Although our analysis identifies potential missed opportunities for kidneys from existing solid organ donors, our analysis does not include variations in processes further upstream, such as organ donor registration rates or rates of consent among potential donor candidates, which also could contribute to the donor pool if improved on. In addition, we are unable to determine the quality of kidneys from all potential donors and whether geographic differences in this aspect of donor selection exist as well. Further, our analysis uses the currently wait-listed patients as a measure of the organ need, although there are probably many more transplant-eligible patients with end-stage renal disease who are not wait-listed. Therefore, areas with low wait-list access may display inflated organ-per-candidate ratios independent of organ availability or recovery practices. In addition, centers where large numbers of candidates are initially listed as inactive but never activated on the wait-list may potentially inflate the perceived demand for kidneys in locales. A more precise estimate of the demand for deceased donor kidneys may be available after the implementation of the new end-stage renal disease quality improvement program that incentivizes the wait-listing of prevalent patients by dialysis facilities, as well as following the increase in wait-listing called for by the recent Executive Order on Advancing American Kidney Health. Given the large number of factors to combine to determine the supply and demand for deceased donor kidneys, either recovery rates alone or the number of kidneys recovered per candidate added to the wait-list should not be used in isolation to rank or grade organ procurement organizations or regions.
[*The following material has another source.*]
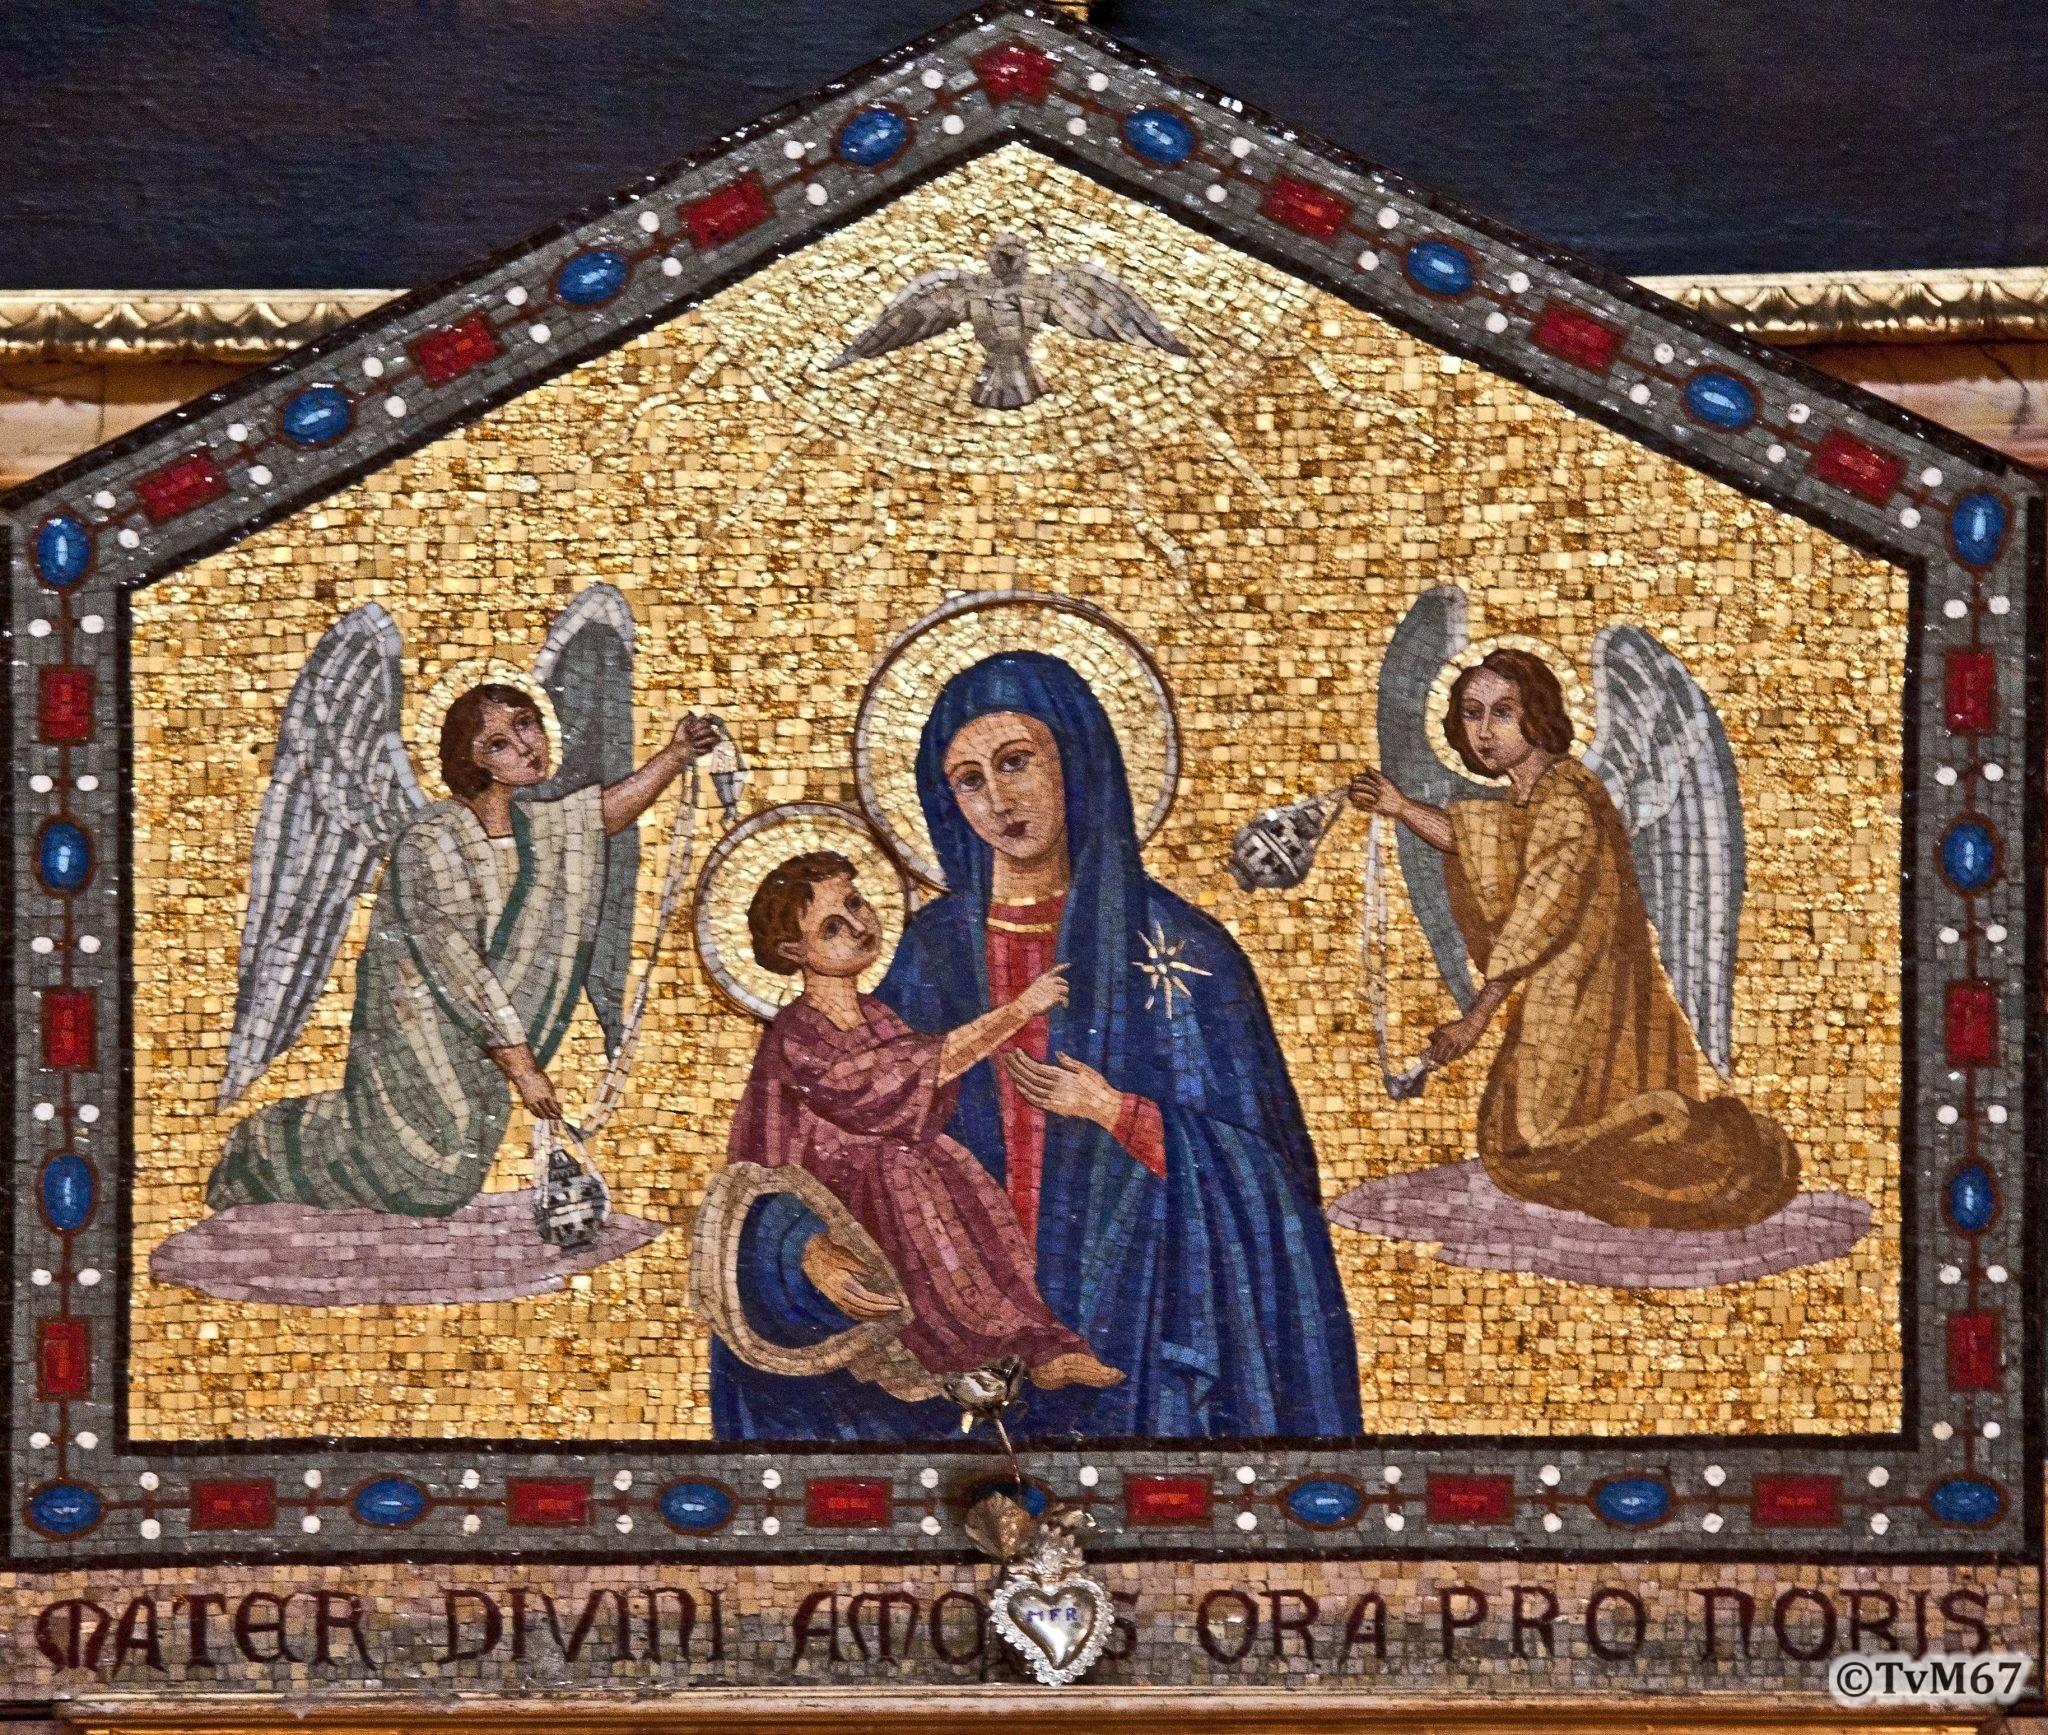 Roma, Chiesa di Sant'Ignazio, 2e k re, Cap Sacripanti, Altaar, mozaïek
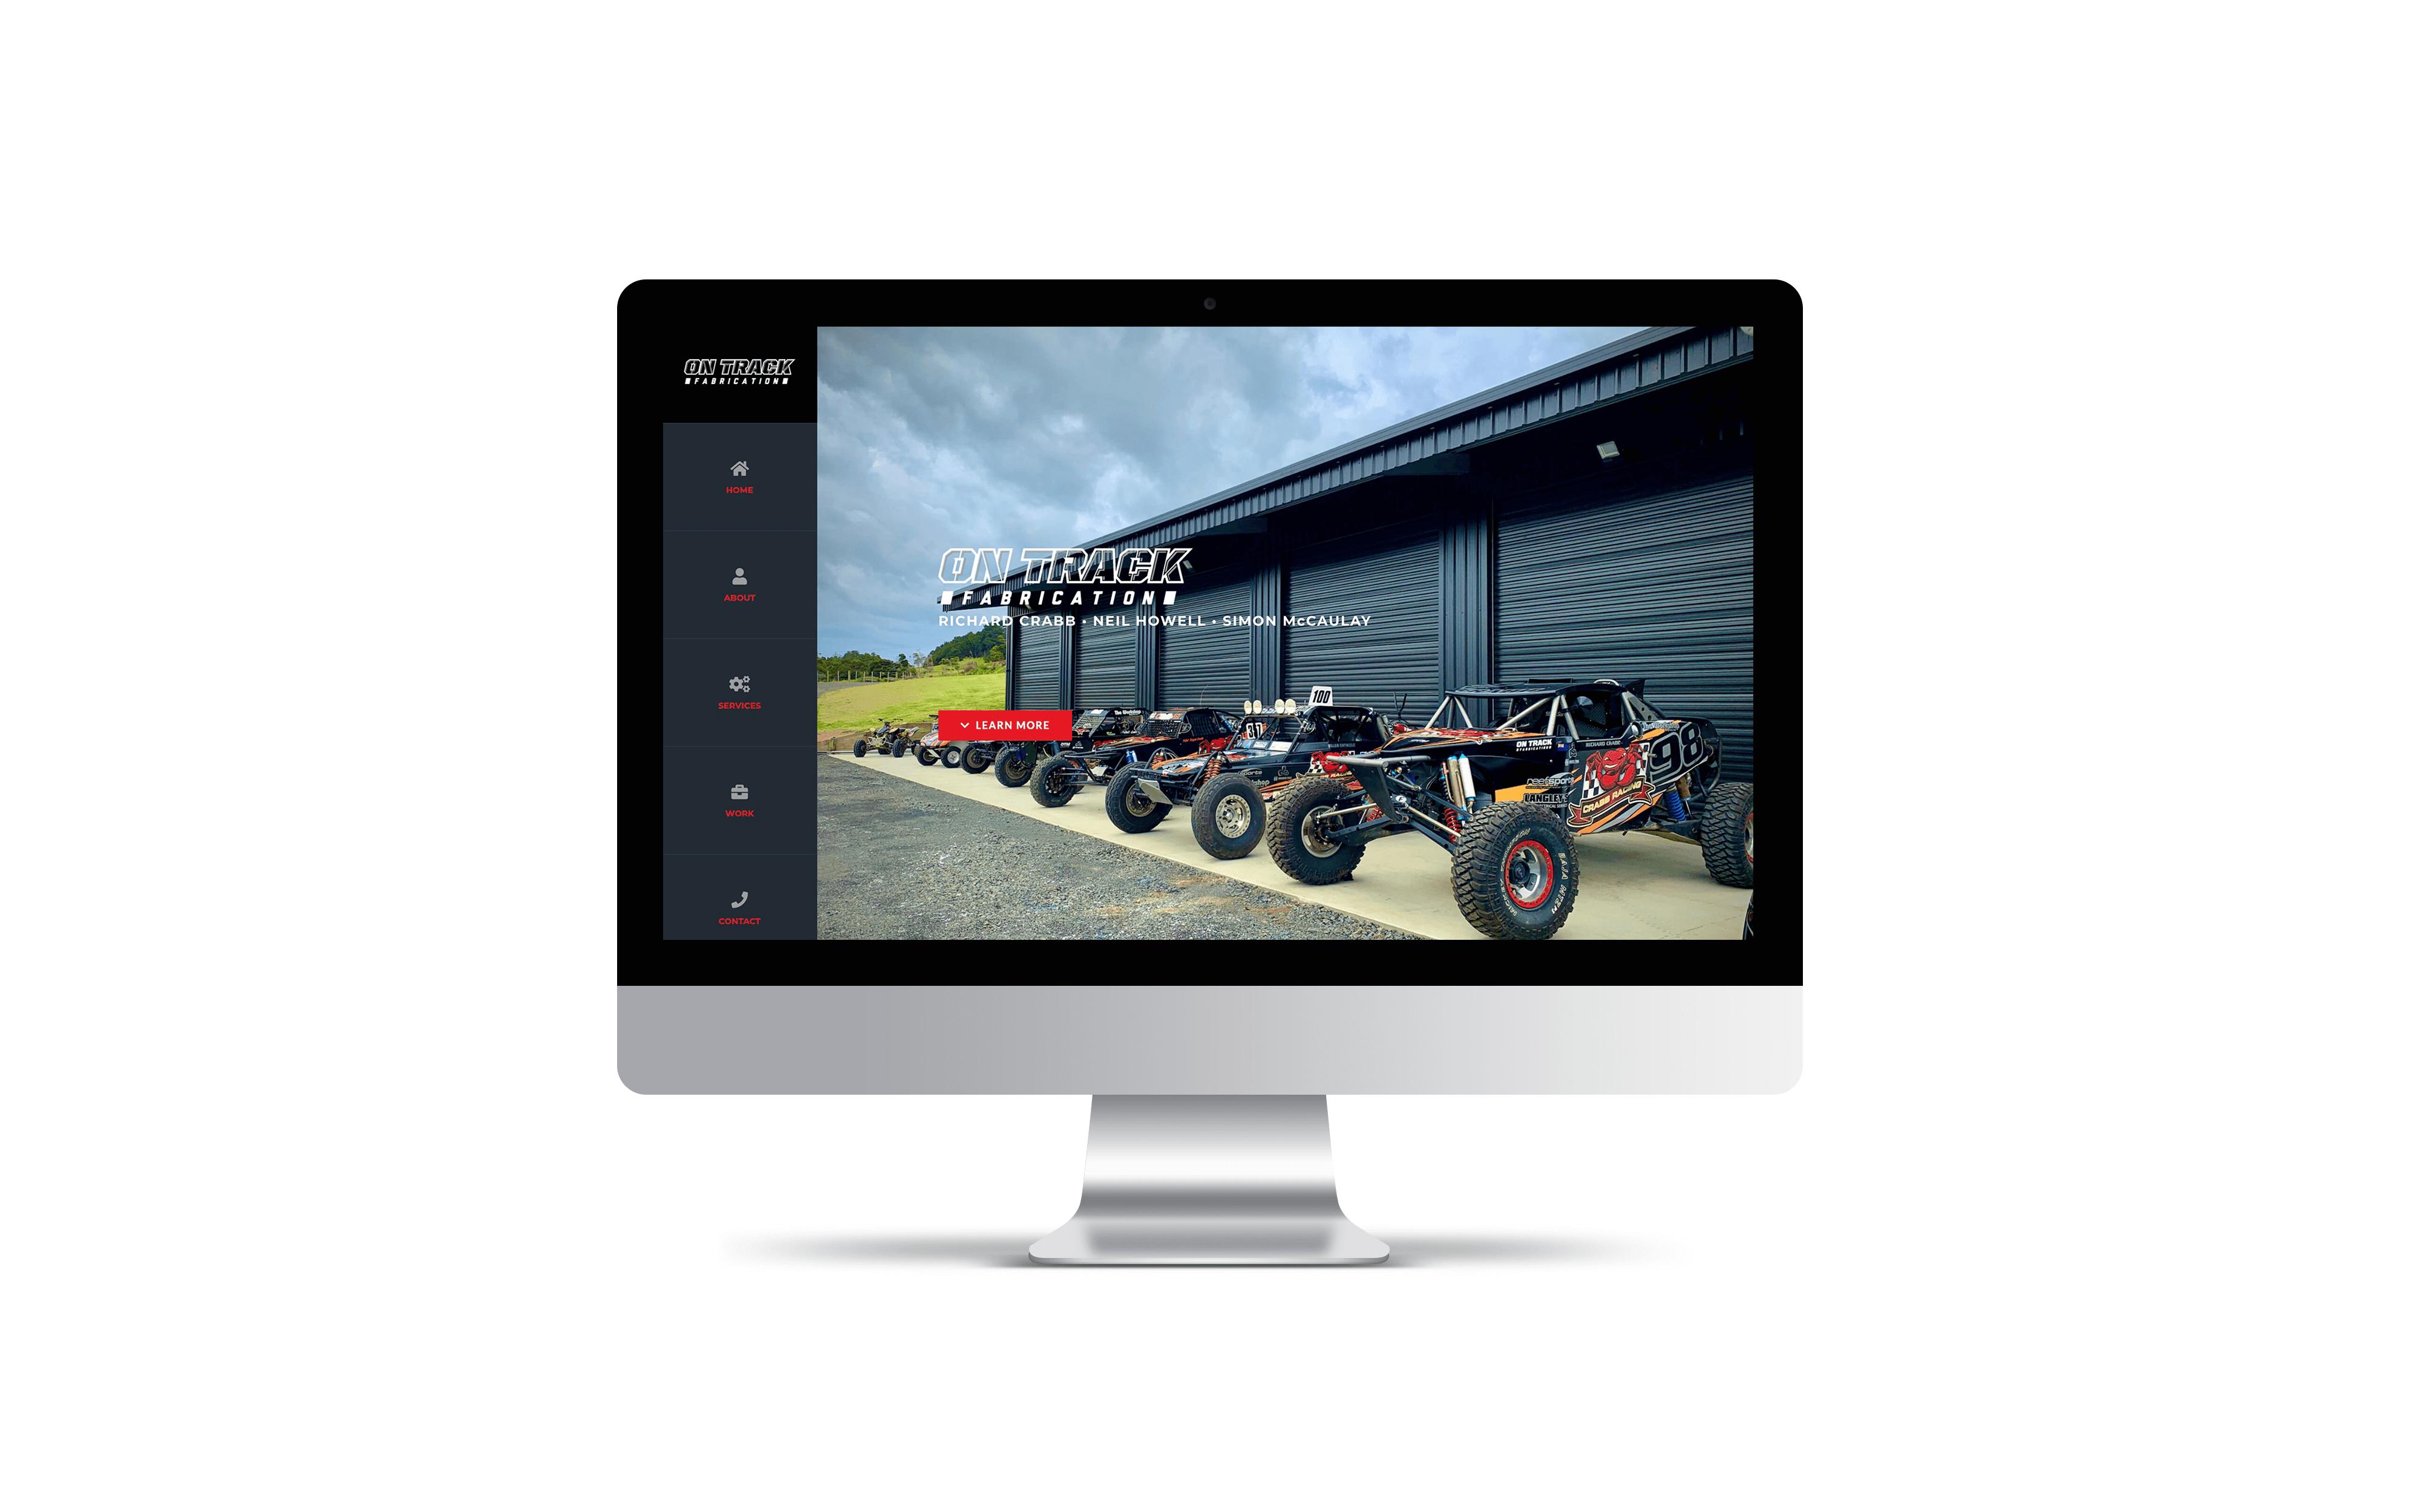 Website: On Track Fabrication

In summary, wide geographic variation in the number of kidneys recovered per wait-listed candidate both within and between regions affects access to deceased donor kidney transplantation. Although there is geographic heterogeneity in organ recovery and utilization rates, geographic disparities in access to organs for transplantation would persist because of the current allocation system borders even if practice variation was reduced. Allocation proposals eliminating the current arbitrary DSA and regional boundaries (i.e., a “borderless allocation system”) are being considered, and our findings suggest that updating or eliminating allocation boundaries may improve equity in access to deceased donor kidney transplantation among wait-listed candidates in the United States.

Disclosure

All the authors declared no competing interests.